Each year one of my dear friends, Lindzee, throws a holiday cookie party. This year I decided I wanted to stray from the cookie and make cupcakes. So I found a recipe that added some holiday spice but wasn’t too complicated.
It was overall pretty easy and I even used my mixer we got at our wedding for the first time. I do not know why on earth I have not been using this for the past 2 years, pure crazy. The mixer is amazing and is now my new best friend.
Below is the recipe enjoy!
Servings: 18 mini cupcakes
Ingredients: Cupcakes
- 5 tablespoons unsalted butter, softened
- 1/2 cup white sugar
- 1/2 cup unsulfured molasses
- 1 egg
- 1 egg yolk
- 1 1/4 cups all-purpose flour
- 1 tablespoon Hershey’s cocoa (Special dark with dutched cocoa)
- 1 1/4 teaspoons ground ginger
- 1 teaspoon ground cinnamon
- 1/2 teaspoon ground allspice
- 1/2 teaspoon ground nutmeg
- 1/4 teaspoon salt
- 1 teaspoon baking soda
- 1/2 cup hot milk (I used skim and they turned out great, but I am sure whole or 2% would be even tastier)
Directions: Cupcakes
- Preheat the oven to 350 degrees. Line mini cupcake tin with paper liners.
- Cream 5 tablespoons of the butter with the white sugar. Add the molasses and the egg and egg yolk.
- Sift together the flour, cocoa powder, ginger, cinnamon, allspice, nutmeg and salt. Add the flour mixture to the creamed mixture and stir until just combined.
- Dissolve the baking soda in the hot milk. Stir in the hot milk mixture to the rest of the batter.
- Pour the batter evenly into the prepared tin.
- Bake for 17 minutes or until slightly springy to the touch. Allow to cool a few minutes in the pan and remove to a rack to cool.
Ingredients: Lemon Cream Cheese Frosting
- 2 tablespoons unsalted butter, softened
- 2 ounces cream cheese, softened
- 2/3 cup confectioners’ sugar
- 1/4 teaspoon lemon extract
Directions: Frosting
- Cream the 2 tablespoons butter and the cream cheese together.

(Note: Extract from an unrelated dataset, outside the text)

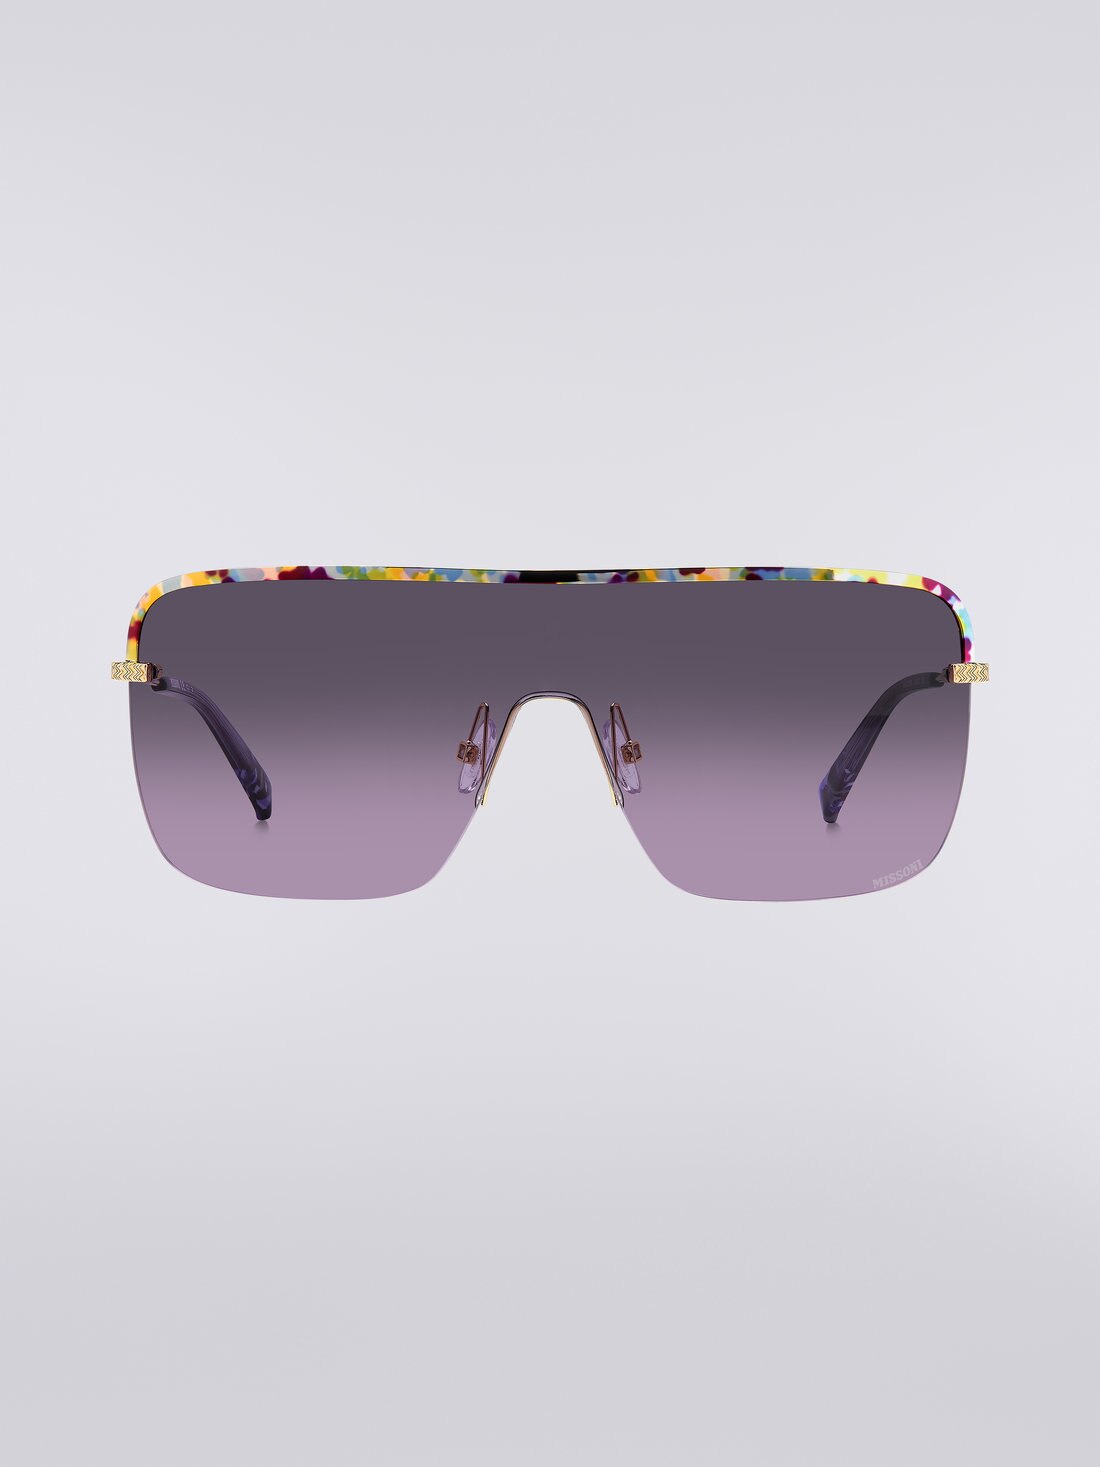 Missoni Seasonal Metal Sunglasses, Multicoloured  - 8051575840227 - 0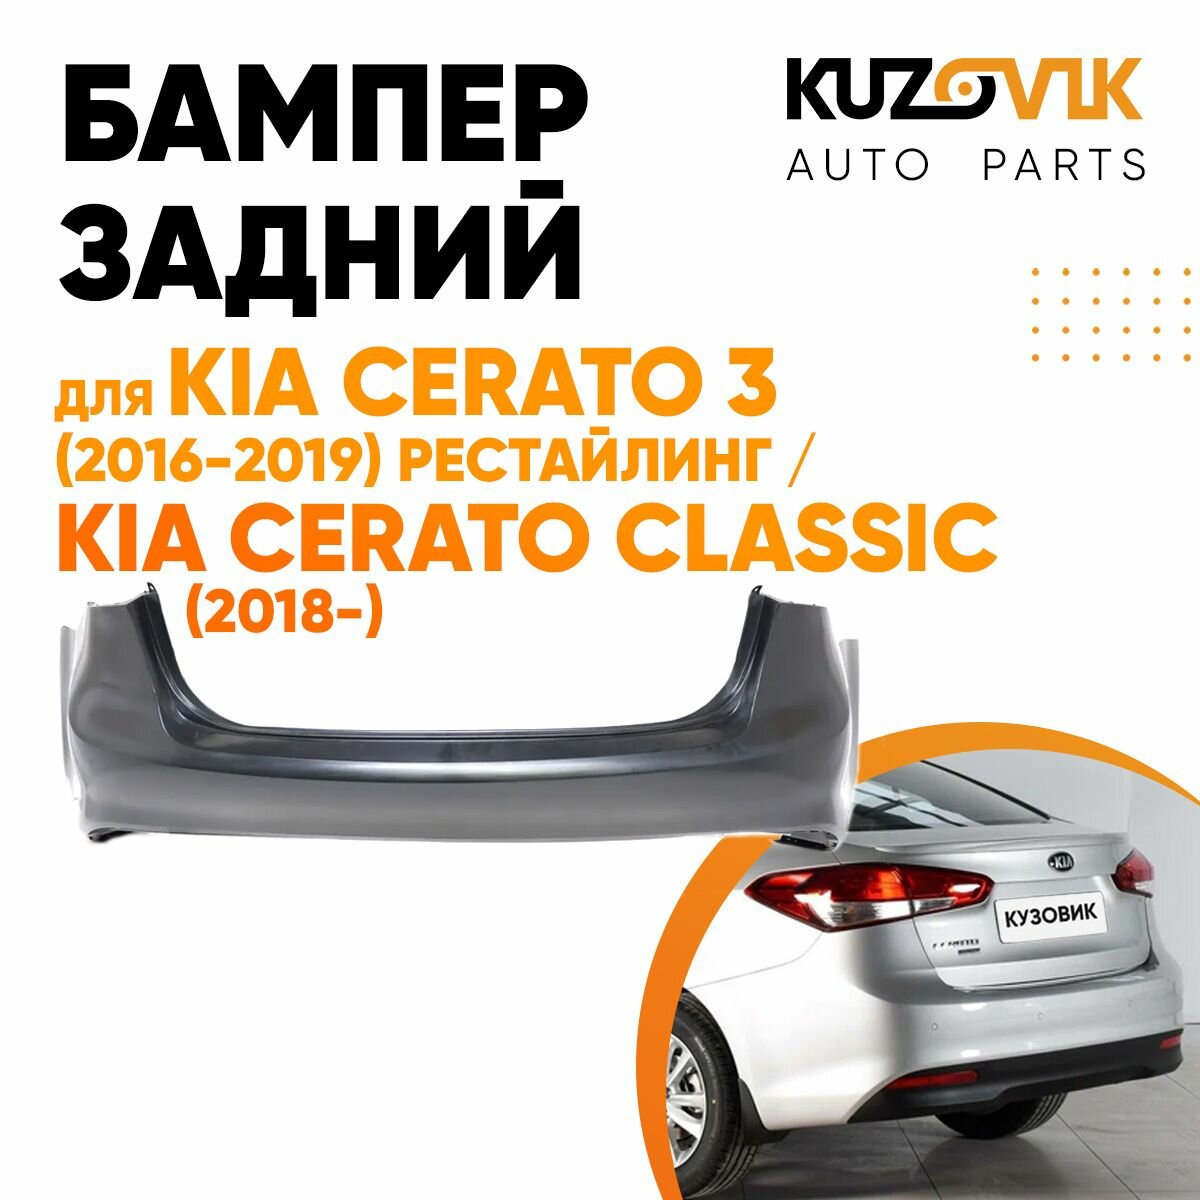 Бампер задний Kia Cerato 3 (2016-2019) рестайлинг / Kia Cerato Classic (2018-)

- Beat in the confectioners’ sugar until fluffy.
- Add the lemon extract and beat.
- When the cupcakes are cool, frost the tops with the frosting and serve. I used a cake decorating tip to make a swirl of frosting on top and then added a candied ginger to each of the cupcakes. I used the Spice Island Crystallized Ginger.